Cuanto más miraba, más evidente se le hacía que la posición del cuerpo de Green no respondía a ningún propósito específico de la tortura. Eso no era como asfixiar a alguien o practicarle el «submarino» echándole agua sobre la cara con la cabeza inmovilizada e inclinada hacia atrás hasta que sintiera que se ahogaba. El cuerpo de aquel hombre formaba parte de una escenografía. La intención era que se pareciera a algo. Aquello era un ritual.

«¿Porqué su asesino le hizo eso, señor Green?

»¿Porqué le quemó la cabeza y nada más?

»¿Porqué le cruzó las piernas en esa posición? Un número 4 invertido. ¿Acaso ese número tenía algún significado para su asesino? ¿Para usted?

»¿Quién era usted, señor Green? ¿Sólo el tipo equivocado en el lugar equivocado a la hora equivocada? ¿O acaso nuestro asesino lo eligió a usted para este horrible ritual con algún propósito específico? ¿Lo encontró, lo estudió y lo siguió? Entonces, una noche, tarde, lo cogió desprevenido y…».

A Dark le asombró el hecho de que siquiera hubiese una foto de la escena del crimen. En Casos especiales tomaban las máximas precauciones para mantener sus investigaciones al margen de los principales medios de comunicación. Y esa fotografía significaba que su viejo amigo Tom Riggins tenía un topo en su departamento o, al menos, un ambicioso miembro de su personal que intentaba aumentar el magro salario que recibía del gobierno. Filtrar de ese modo las fotos a la prensa no era solamente un flagrante delito, en opinión de Riggins. Eso era la clase de delito que hacía que te torturasen lentamente antes de llevarte a Guantánamo. Dark podía imaginar la reacción de Riggins ante un hecho de esa naturaleza. En ese momento sería una especie de tiburón furioso que recorría los pasillos buscando sangre.
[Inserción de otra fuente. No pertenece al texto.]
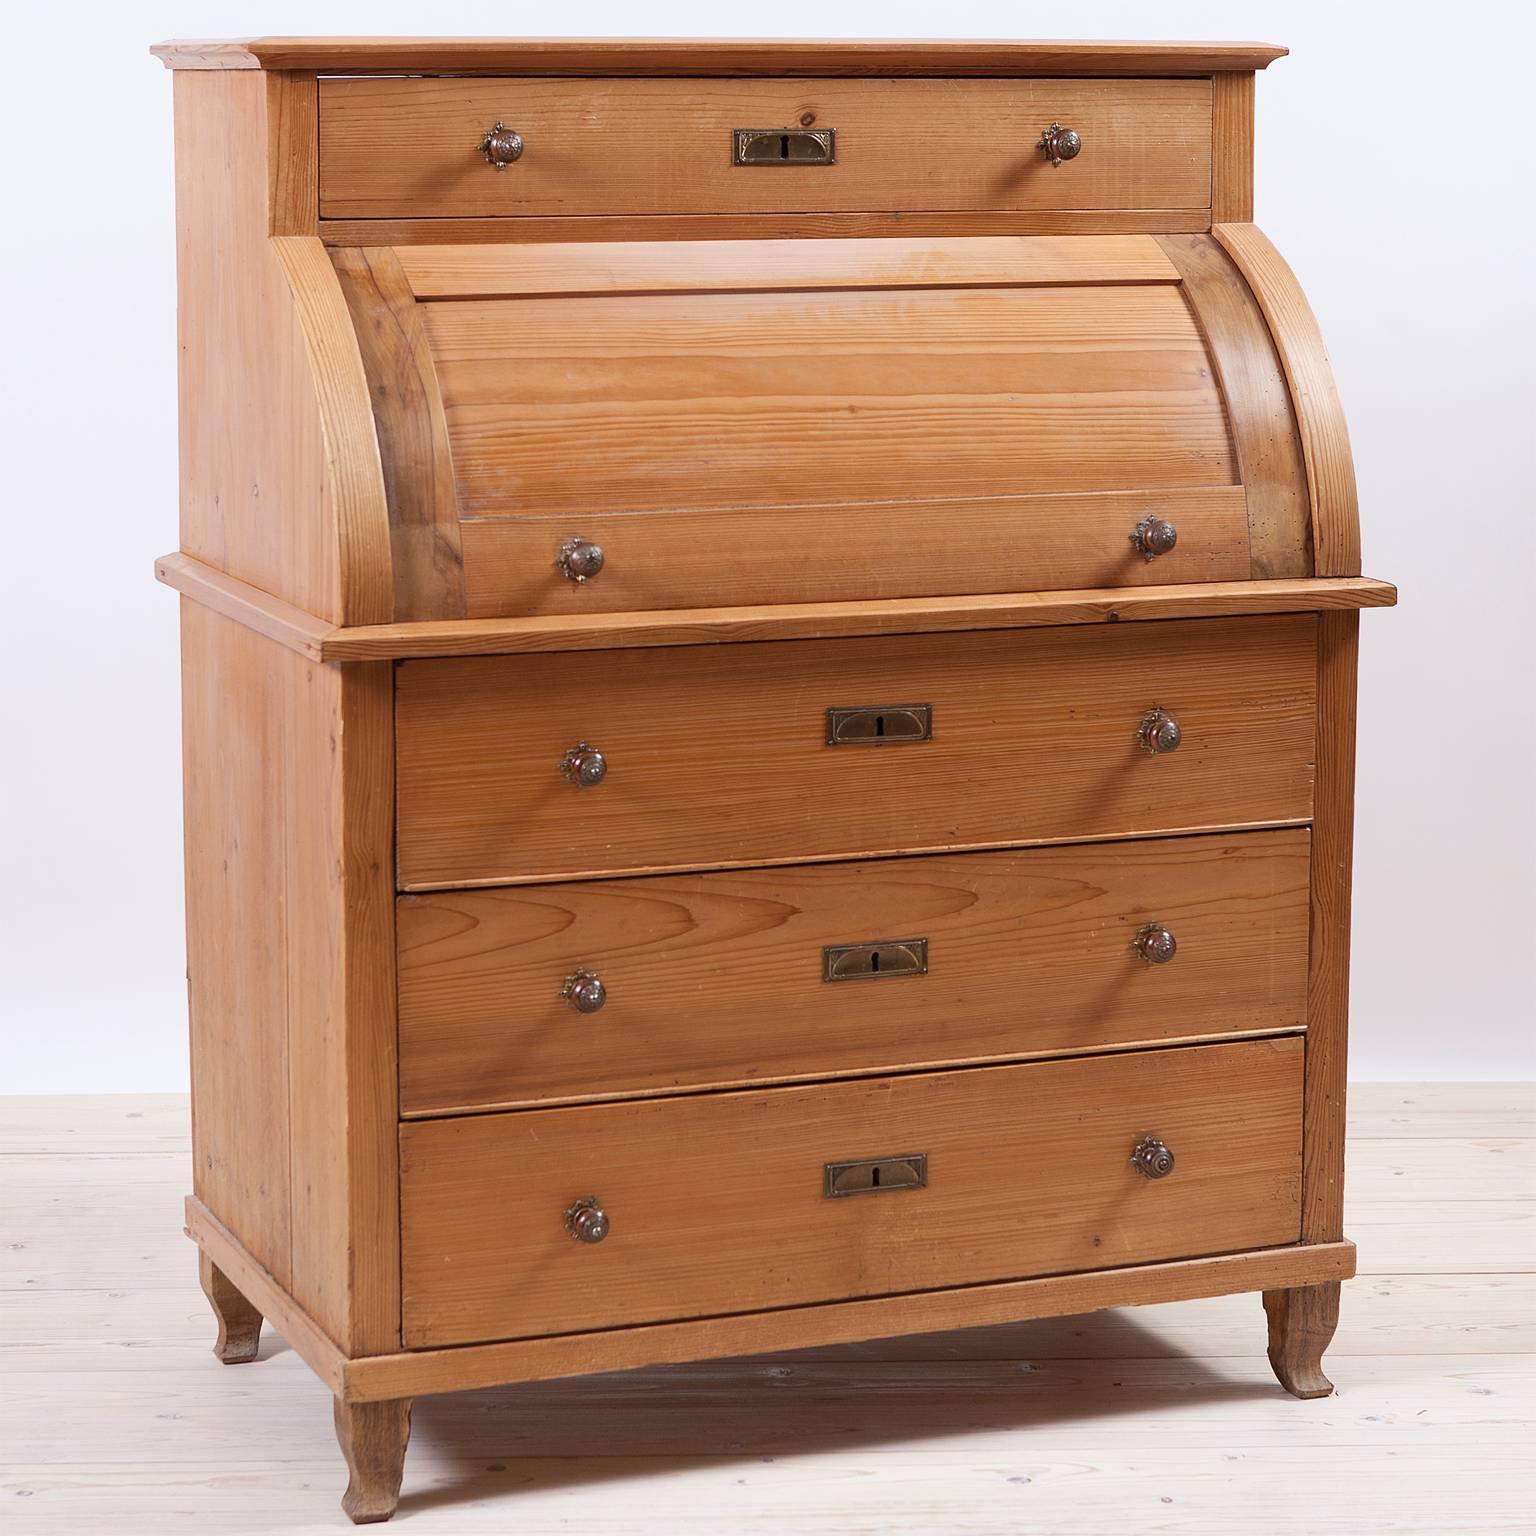 North German Provincial Biedermeier Secretary in Pine with Cylinder Top. A rare cylinder top pine secretary with Birch wood interior drawers, original pulls and birch pull out writing surface. Drawer pulls are turned fruit wood with nickle plated

Dark se encontró cogiendo su móvil y con el pulgar a punto de pulsar la tecla de autollamada —el número 6— que lo pondría en contacto con Riggins. Luego lo pensó mejor y arrojó el pequeño teléfono sobre la mesa de autopsias.

Riggins lo había dejado claro: ningún contacto. Ninguna conversación, ni siquiera una taza de café y una cordial charla sobre el tiempo. Riggins y él habían terminado.

Capítulo 11

El móvil comenzó a vibrar en su bolsillo. Dark lo cogió y reconoció el número: sus suegros, desde Santa Bárbara. Le llegó el sonido de una voz dulce y delicada.

—¿Hola…, papi?

Era su pequeña, Sibby. Llamada así por su madre, quien había muerto el día que había nacido su hija. La pequeña Sibby tenía cinco años pero, de alguna manera, parecía aún más pequeña por teléfono.

—Hola, cariño —dijo Dark con los ojos fijos aún en la imagen del hombre torturado en la pared del sótano—. ¿Cómo estás?